(My) Declaration of Human Rights / Regina Coyula

Piranesi etching of an imagined prison.

Lately the mass media talks a lot about “the Human Rights we defend.” The topic is no longer taboo, with limited coverage of health, education and social security. Very few Cubans know the Universal Declaration of Human Rights, despite that fact that putting it in a tabloid would cost a peso, but no one has dared to publish it. University students don’t know what it’s all about, the whole body of it seems like a venereal disease that no one dares to mention.

For the first time I am aware that to honor the date on which the Universal Declaration of Human Rights was enacted can be risky. The visit from “the comrades” and “the factors” last week opened a parenthesis of threats that can range from instilling fear to physical action.
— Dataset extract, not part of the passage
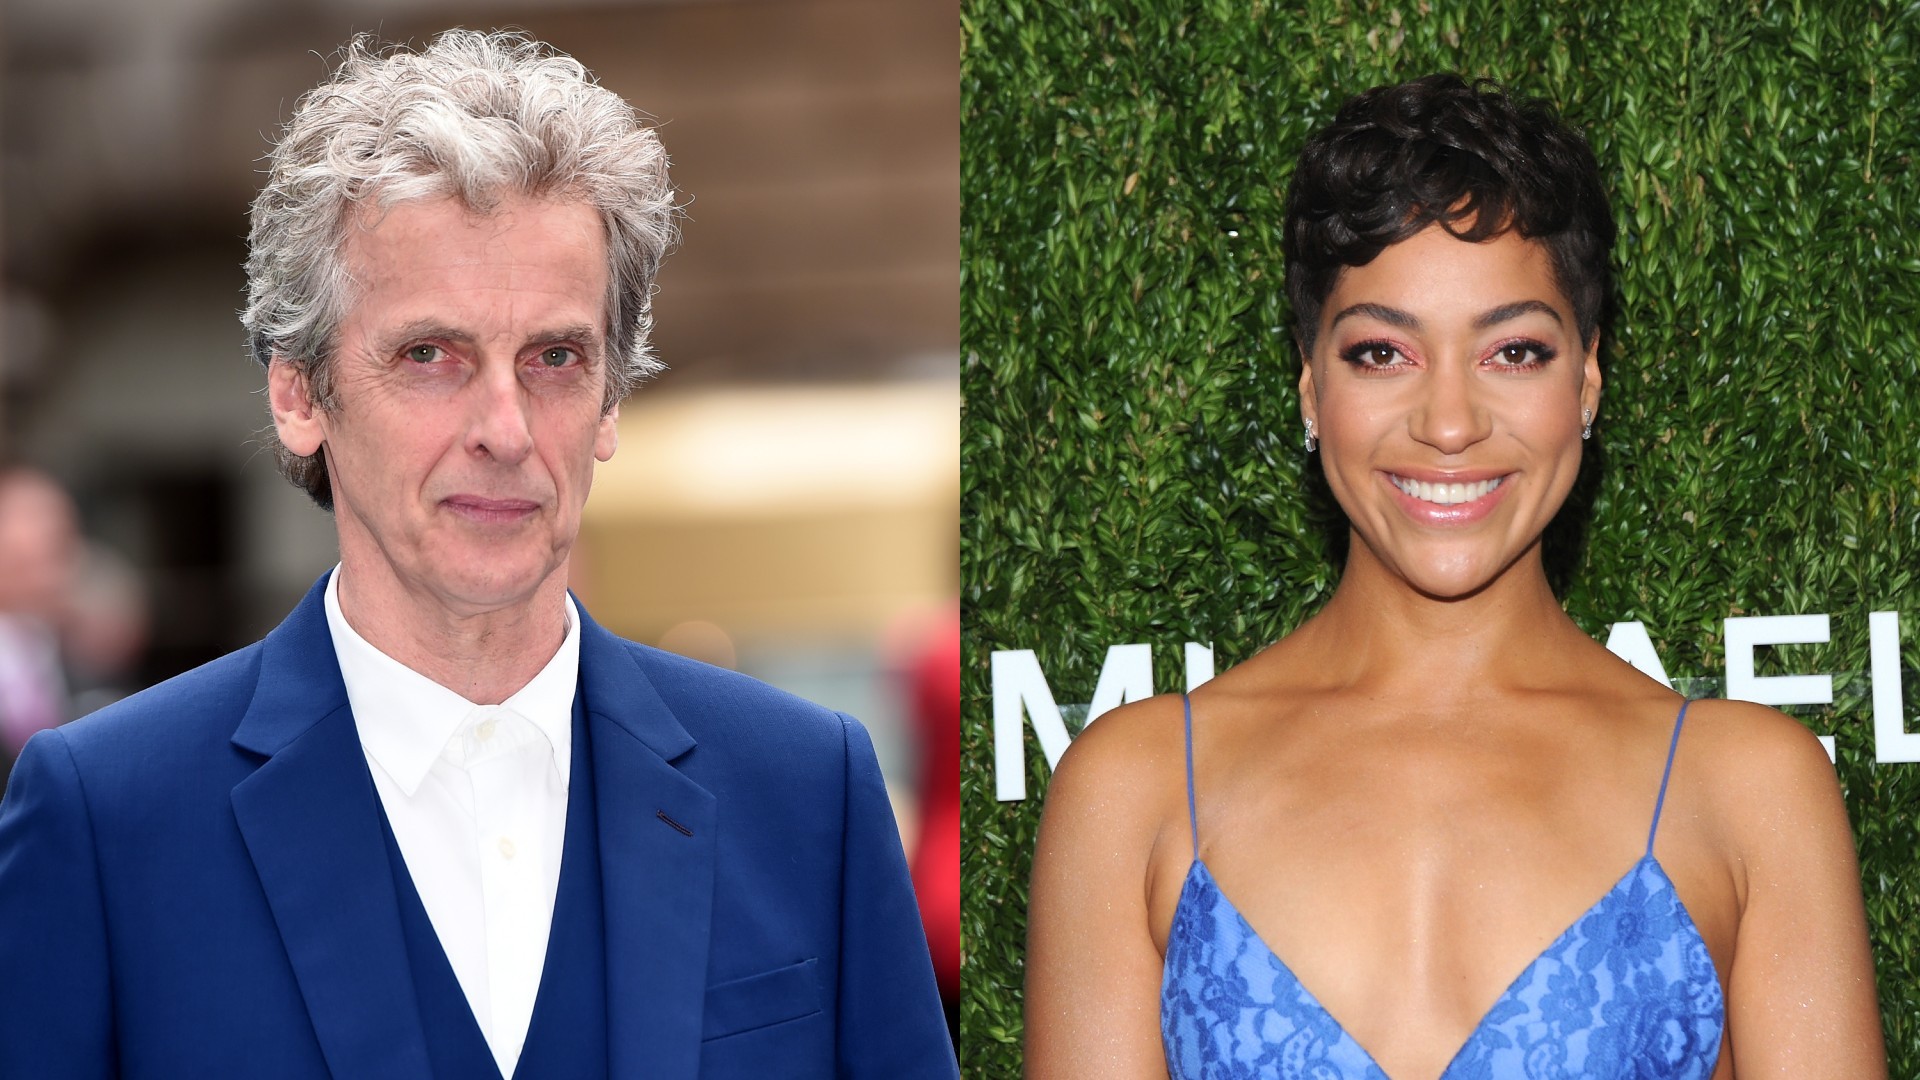 Casting News: Peter Capaldi and Cush Jumbo to Lead London-Based Thriller Series 'Criminal Record'
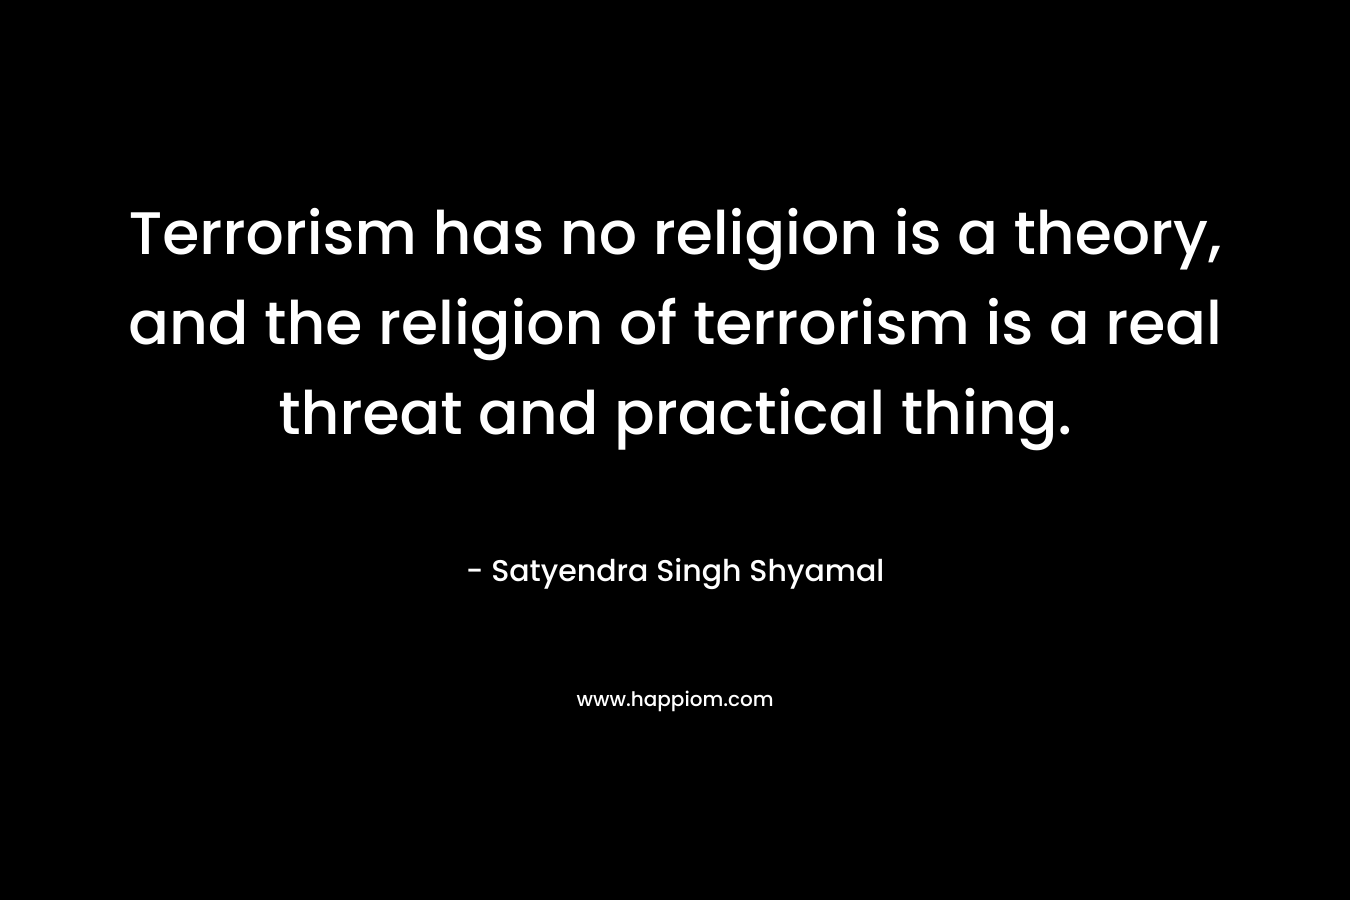 Terrorism has no religion is a theory, and the religion of terrorism is a real threat and practical thing.

I do not know what will happen tomorrow and I would like that nothing happens, but any action against peaceful people who want a thriving and diverse country, would confirm the need to expose once again a government that says it champions the Human Rights “it defends” while ignoring those it disrespects.

In the imaginations of much of the world, Cuba remains an alternative where altruistic citizens build the social project of the future. Cubans in reaction, for so many years, have constructed a Piranesian project. We are suspicious and it has brought out the worse in us, stirring up rich vs. poor, homosexuals vs. heterosexuals, religious vs. atheists, exiles vs. those on the island.

It would seem these differences are surmountable, but since the government continues to instigate the “good citizens” against the dissidents, and meanwhile the dissidence and different concepts of freedom are criminalized, it remains an unfinished task.

Because it has the means, the government can ban meetings and even imprison activists. But new faces will continue to appear, because the objective conditions exist and in the sleep society there is a secret will for change. A quick look at those who enter the visa lottery, to go to the United States, those who have abandoned and continue to abandon the national territory in all directions — including those who have lost their lives in the attempt — the women who put off giving birth and the couples who barely conceive one child; those who vote blank ballots or annul their ballots or don’t vote at all, those who daily steal from the State by action of omission. People without confidence in the successive promises. It is an enormous subjective figure. Subjective, but as weighty as a plebiscite.

State Security possess all the information about the internal situation, how it’s analyzed and what patterns it shows remain to be seen. Tomorrow we will have a preview.